How To Grade a Sewing Pattern Without Losing Track of the Size Jump
What This Pattern-Grading Tool Actually Does
Pattern grading is the structured process of moving a pattern up or down through a size range while keeping the design coherent. The difficult part is not just changing one circumference. It is changing several measurements by the right amount for the garment category and the number of size steps involved.
How To Use This Calculator
Choose the base size and a different target size.
Select the garment type so the calculator can use the correct built-in measurement set and grade rules.
Choose inches or centimeters for the output.
If you want to start from your own baseline values, switch to custom grading and enter a JSON object such as {"bust": 40, "waist": 34}.
How the Grading Table Is Built
Target measurement = adjusted base measurement + (grade per size x size difference)
Each garment type has a built-in measurement table and a built-in grade-per-size rule for each measurement. The calculator finds the size difference between the selected base and target sizes, adjusts the base values around the medium reference point, and then applies the grade rule across the number of size steps.
Custom mode replaces any provided base measurements before the size jump is applied. In the current implementation, the European option adds reference notes but does not switch to a separate numeric grade table, so the actual measurement increments still come from the built-in garment rules unless you use custom overrides.
Useful Pattern-Grading Scenarios
Checking a one-size jump for a top or jacket
Moving from M to L is a quick way to see how bust, waist, shoulder, and sleeve-related measurements change together in the built-in grading table.
Reviewing a larger grade span before making a nest
A jump of more than two sizes is useful to test here because the calculator adds notes when the grade span becomes large enough that manual pattern review is more likely.

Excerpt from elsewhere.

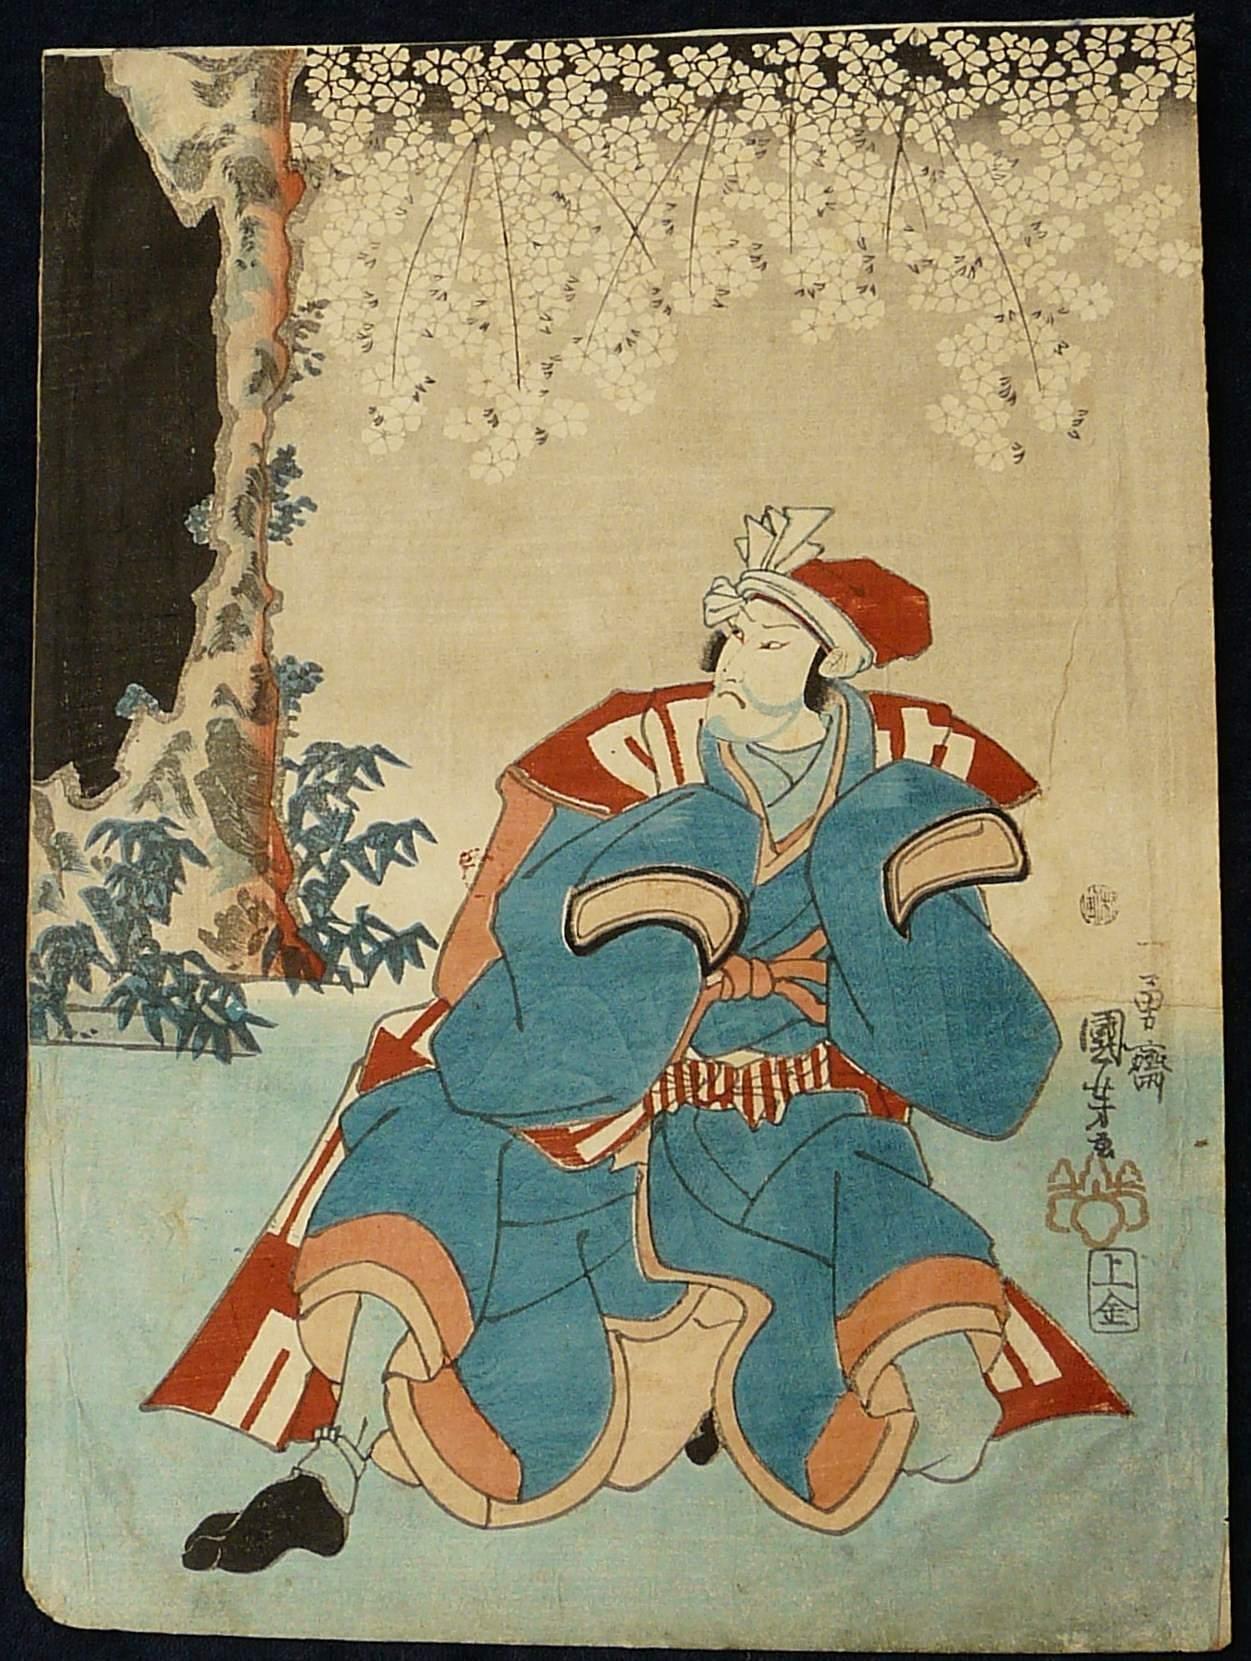 UTAGAWA KUNIYOSHI: #P3907 SAMURAI BENEATH A CHERRY TREE 1860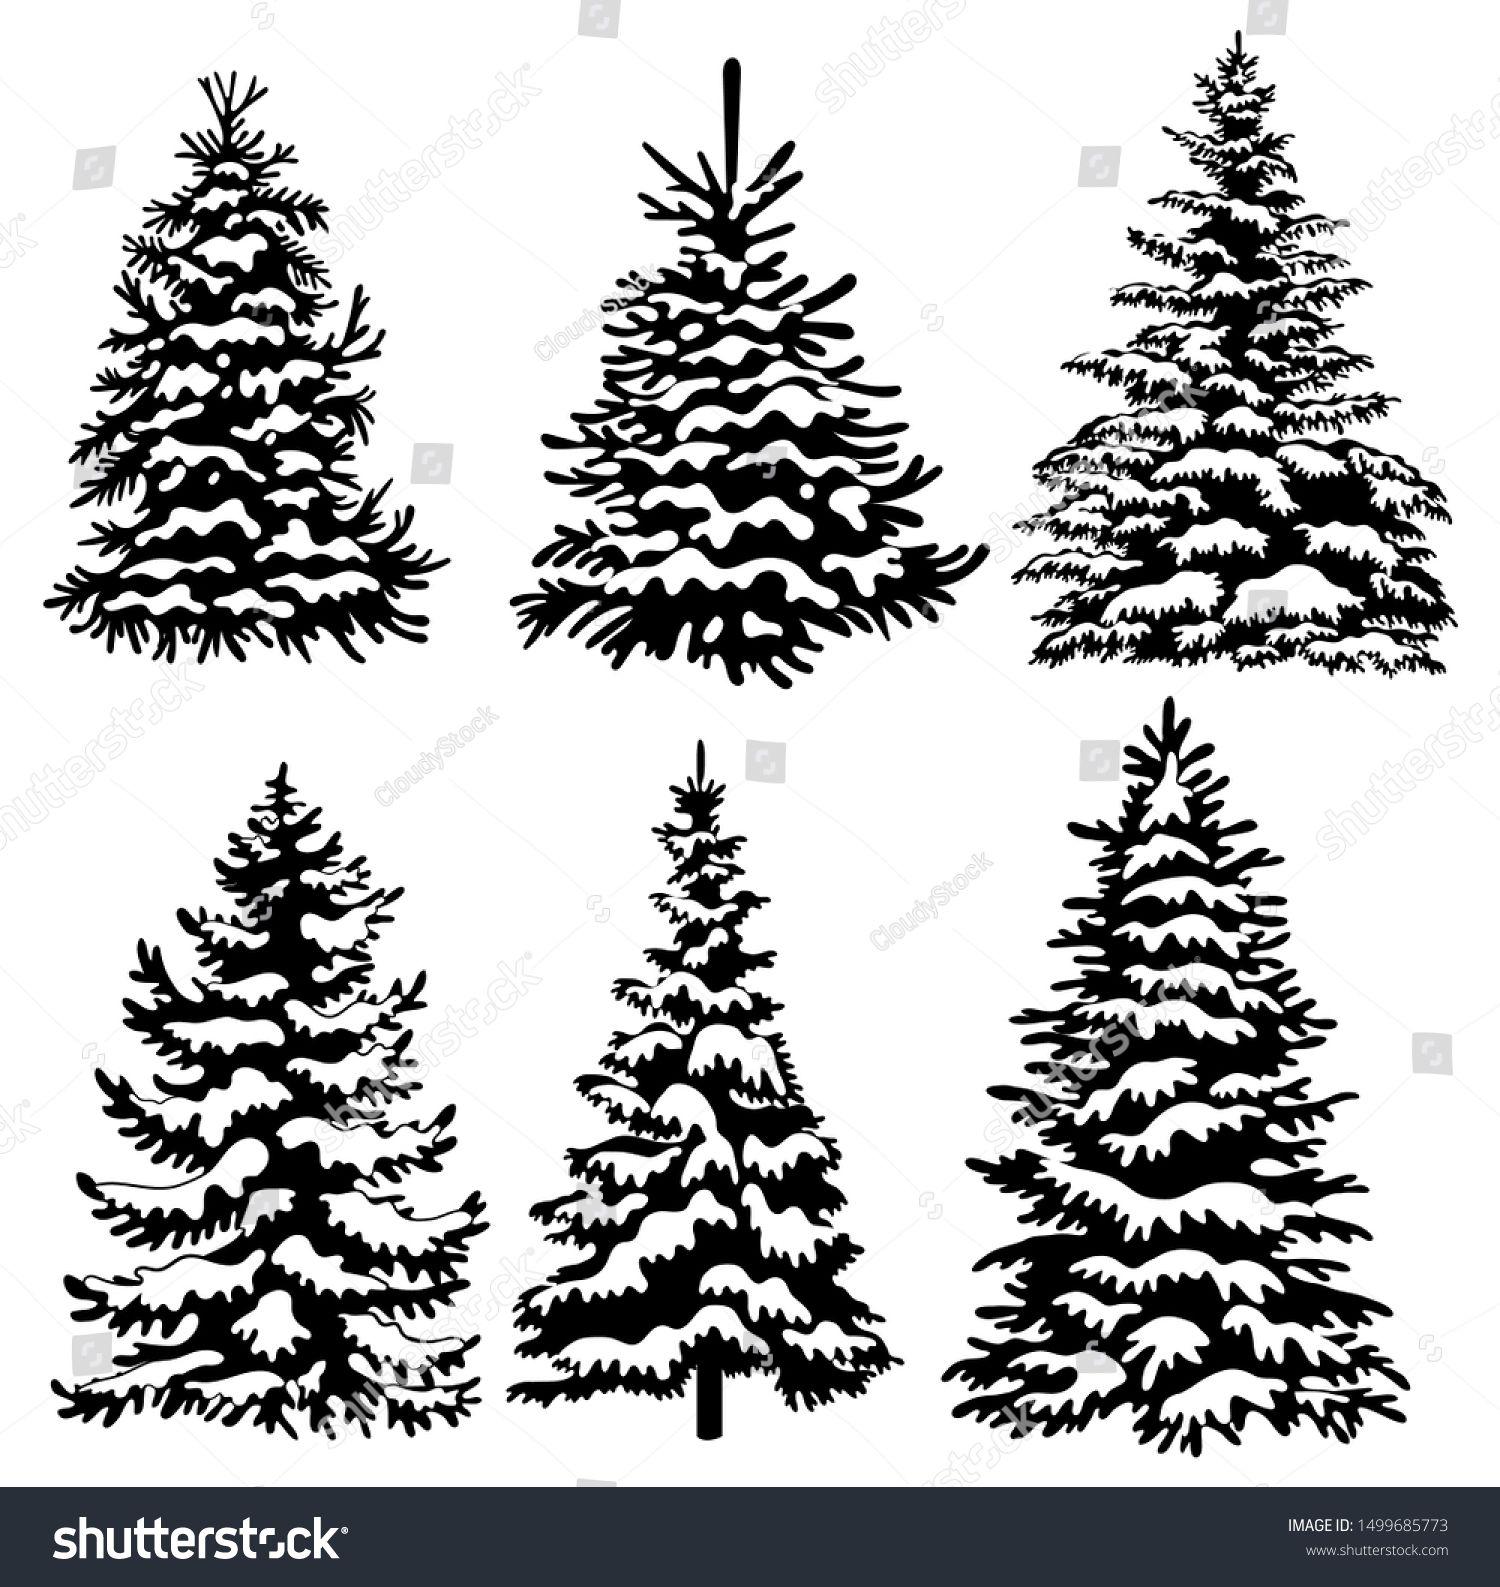 Free Printable Black And White Christmas Trees Description From Pinterest Com I Searche Christmas Tree Drawing Christmas Tree Clipart Whimsical Christmas Art

Using your own baseline measurements
Custom JSON mode is useful when the default base measurements are not appropriate for your block and you want the size-step math applied to your own starting point instead.
How To Read the Result
The grading-type line summarizes the size jump, but the measurement table is the main output because it shows the base value, target value, total change, and per-size increment for every tracked measurement in that garment category. The notes table then calls out larger jumps, custom overrides, and garment-specific reminders such as minimal length grading for pants and skirts.
If the calculator returns an error, it is usually because the sizes are invalid, the base and target sizes are the same, the garment type is unsupported, or the custom JSON is malformed. The tips table remains useful even when you are only using the tool as a planning guide rather than as the final grading authority.
Pattern-Grading Tips
Make a test garment when grading several sizes up or down
Treat length grading as style-dependent rather than automatic
Use valid JSON key-value pairs only when entering custom base measurements
Keep the output unit in mind when comparing the grade-per-size column
Use the measurement table as a grading guide, then check the real pattern pieces and notches manually
Patternmaking Note
This calculator is a grading-planning tool, not a full CAD grading system. It does not move pattern notches, style lines, seam shapes, dart positions, or every production detail required for final pattern engineering.
Frequently Asked Questions
Grading moves a pattern through a standard size range using consistent rules, while alterations change a pattern for a specific fit issue or individual body shape.
Enter a JSON object with measurement names and numeric values, such as {"bust": 40, "waist": 34}. Only valid numeric overrides are applied.
Not in the current implementation. The calculator keeps the same built-in garment grade rules and adds European-grading context in the notes. Custom mode is the option that changes base measurements numerically.
Because grading only makes sense when there is an actual size difference to apply. If base and target are identical, there is no grade step to calculate.